Here, the August 18, 2015 order, much like the rule 5.04 dismissal in Johnson, required no more judicial action to make the order final and appealable on both parties. See Johnson, 903 N.W.2d at 4; see also Gams, 884 N.W.2d at 617. Because the order was final and immediately appealable, the district court was not required to direct entry of judgment on the order or engage in any other judicial action in regards to the order. Thus, the district court was correct in denying appellant's motion to amend her rule 60.02 motion because the nunc pro tunc entry of judgment on May 22, 2017 did not impact or alter the August 18, 2015 order's finality or appealability on the date it was filed by the court. Moreover, appellant does not offer any support for disregarding the plain language of rule 60.02, which expressly includes "orders" and not just "judgments." See Minn.
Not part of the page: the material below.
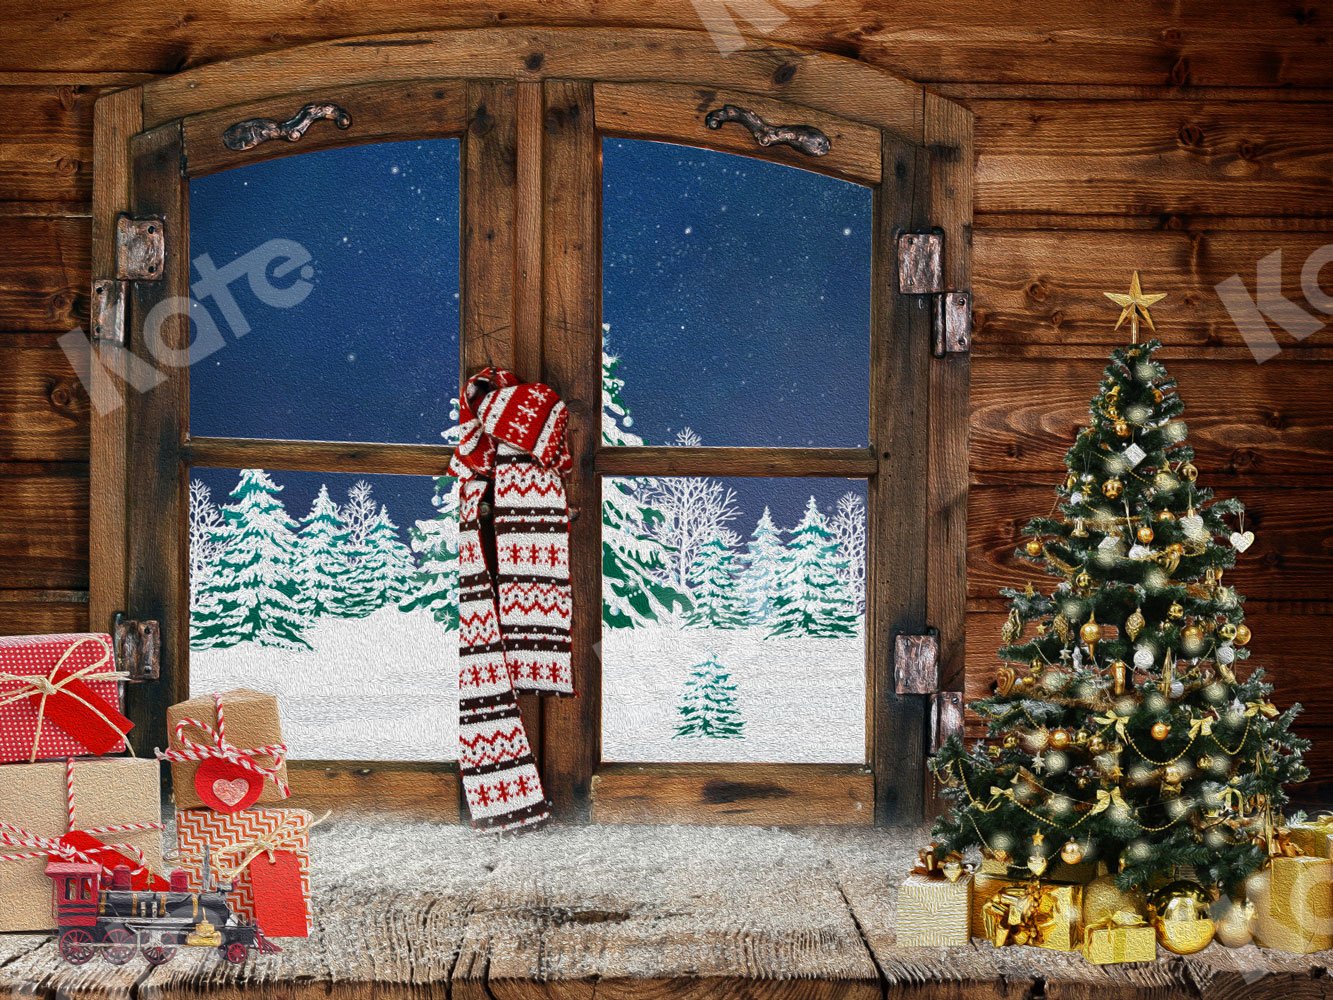 Kate Xmas Backdrop Window Christmas Tree Gifts Designed By JFCC

R. Civ. P. 60.02. Since we conclude that the district court was correct in determining that a newly amended rule 60.02(a) motion would have been time-barred by the rule 60.02(a) time constraints, we also conclude that it was proper to deny appellant's request for leave to amend a time-constrained motion. See LaFee v. Winona Cty., 655 N.W.2d 662, 668 (Minn. App. 2003) (a district court's denial of a motion to amend is proper when the "additional alleged claim cannot be maintained."), review denied (Minn. Mar. 27, 2003).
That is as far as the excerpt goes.